Под трико обрисовывались мускулы его рук и ног. Чтобы не слишком заметен был его толстый живот, он выпячивал грудь. Ровный пробор как раз посередине головы придавал ему сходство с парикмахером. Грациозным прыжком он взлетал на трапецию и, повиснув на руках, вертелся колесом.
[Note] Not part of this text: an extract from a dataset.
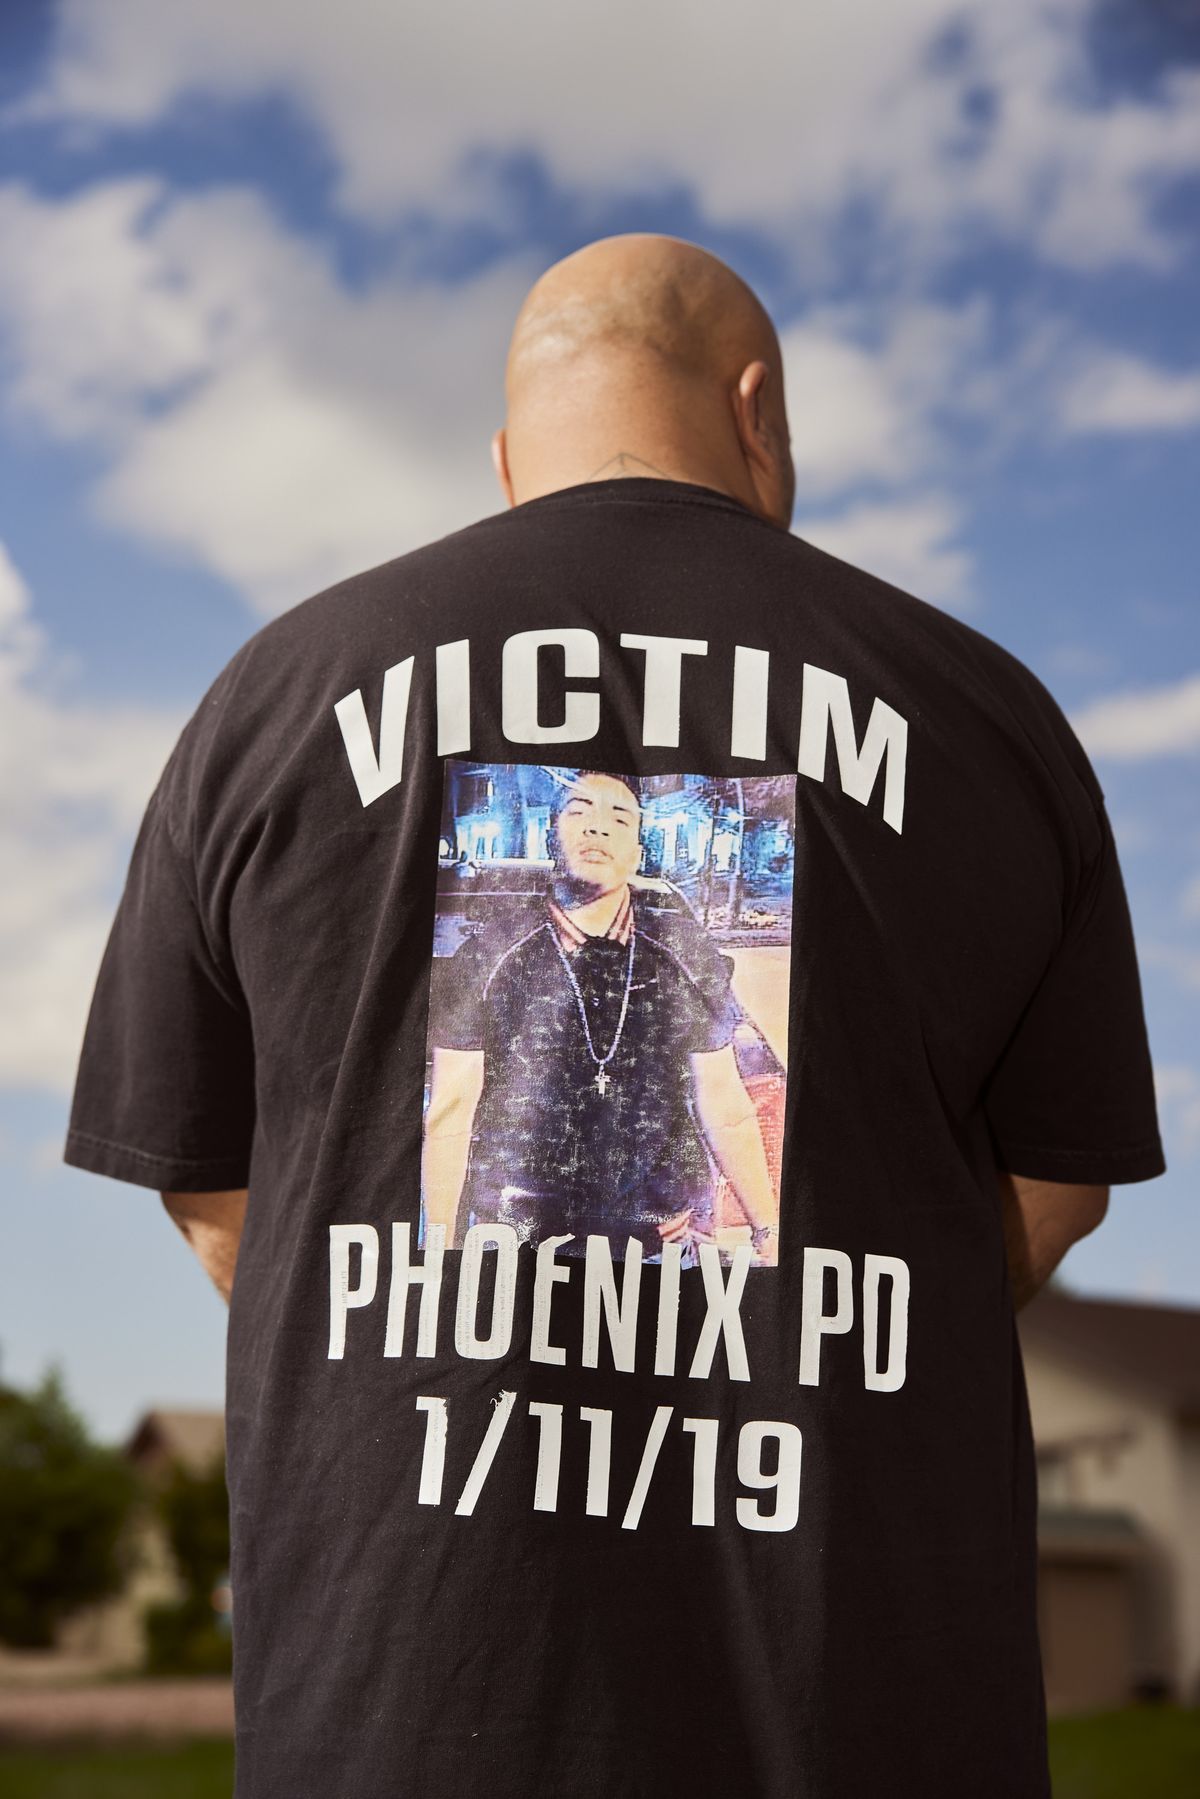 Roland fotografiado desde atrás, su camiseta dice Victim Phoenix PD 1/11/19, con una fotografía de Jacob.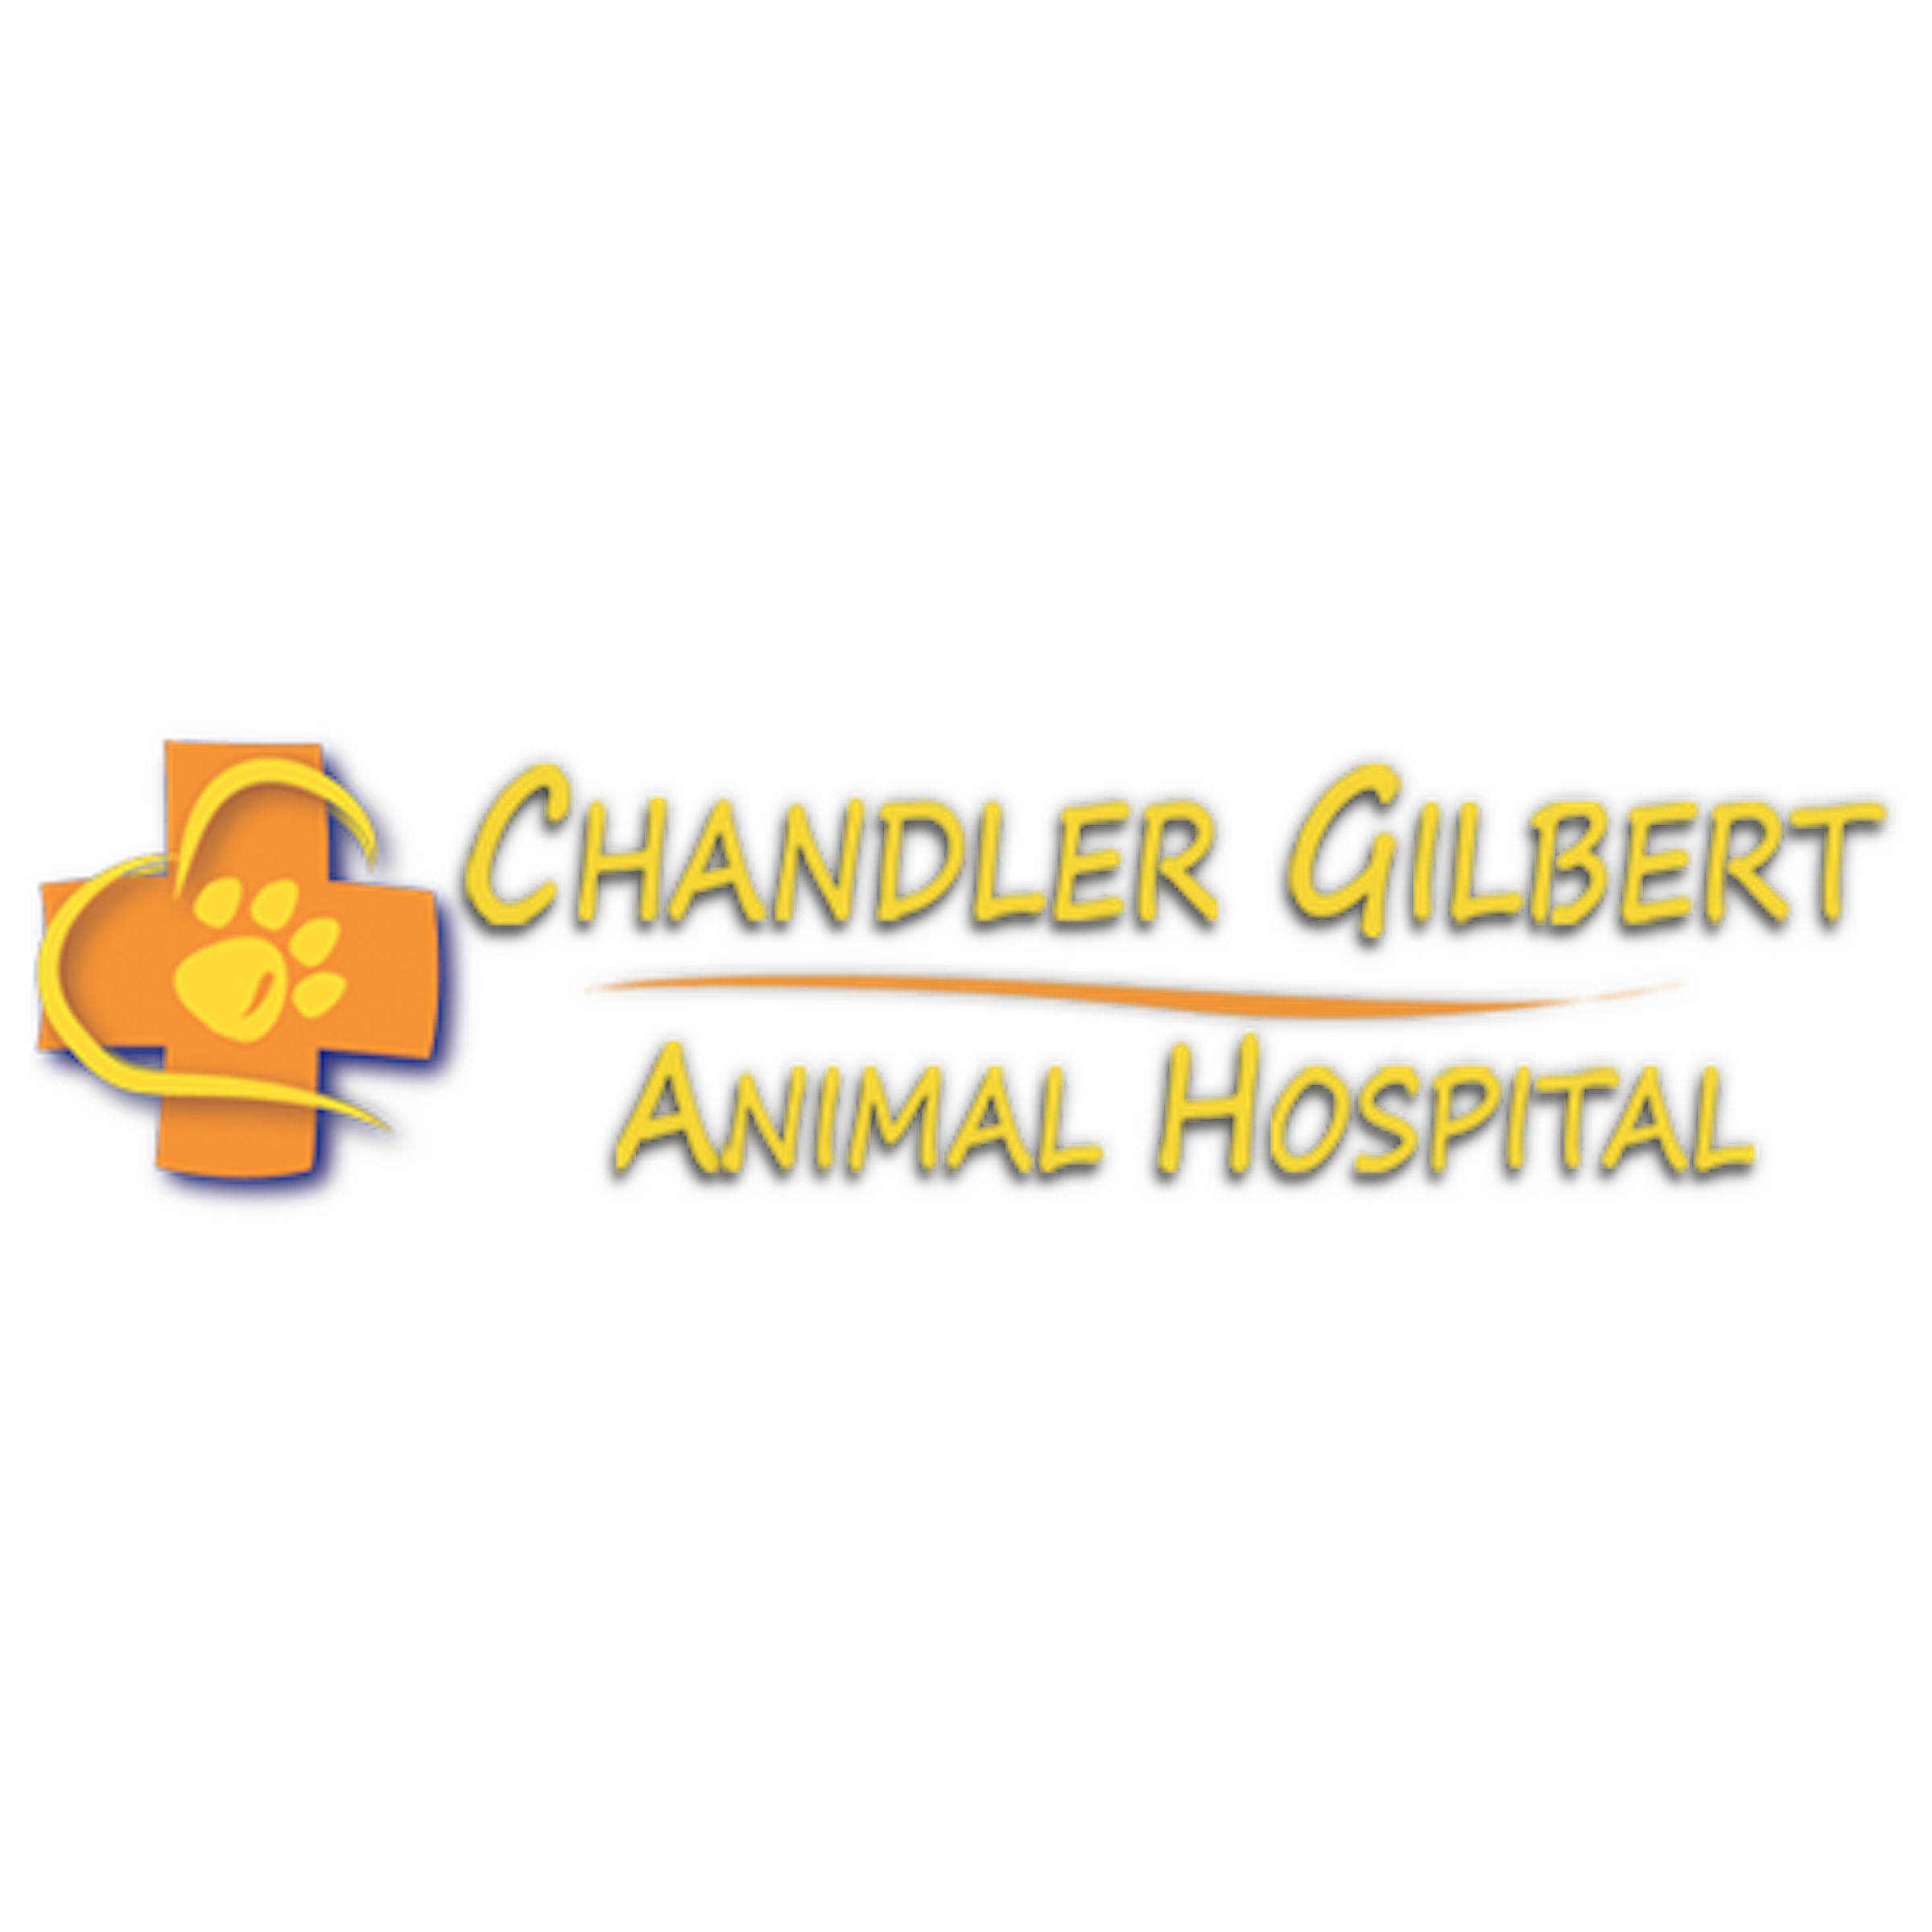 Chandler Gilbert Animal Hospital - Chandler, AZ 85286 - (480)895-5650 | ShowMeLocal.com

А то вдруг, выпрямившись и вытянув руки, принимал горизонтальное положение и, держась за перекладину пальцами, в которых была теперь сосредоточена вся его сила, на несколько секунд застывал в воздухе.

Затем спрыгивал на пол, снова улыбался, кланялся рукоплескавшему партеру и, играя упругими икрами, отходил к кулисам.

За ним второй, поменьше ростом, но зато более коренастый, проделывал те же номера и, наконец, третий – и все это при возраставшем одобрении публики.

Но Дюруа отнюдь не был увлечен зрелищем; повернув голову, он не отрывал глаз от широкого прохода, где толпились мужчины и проститутки.

– Обрати внимание на первые ряды партера, – сказал Форестье, – одни добродушные, глупые лица мещан, которые вместе с женами и детьми приходят сюда поглазеть. В ложах – гуляки, кое-кто из художников, несколько второсортных кокоток, а сзади нас – самая забавная смесь, какую можно встретить в Париже. Кто эти мужчины? Приглядись к ним. Кого-кого тут только нет, – люди всякого чина и звания, но преобладает мелюзга. Вот служащие – банковские, министерские, по торговой части, – репортеры, сутенеры, офицеры в штатском, хлыщи во фраках, – эти пообедали в кабачке, успели побывать в Опере и прямо отсюда отправятся к Итальянцам, – и целая тьма подозрительных личностей. А женщины все одного пошиба: ужинают в Американском кафе и сами извещают своих постоянных клиентов, когда они свободны. Красная цена им два луидора, но они подкарауливают иностранцев, чтобы содрать с них пять. Таскаются они сюда уже лет шесть, – их можно видеть здесь каждый вечер, круглый год, на тех же самых местах, за исключением того времени, когда они находятся на излечении в Сен-Лазаре или в Лурсине. [14]14
  Стр. 224. …на излечении в Сен-Лазаре или в Лурсине. – Сен-Лазар и Лурсин – тюрьма и больница для проституток в Париже.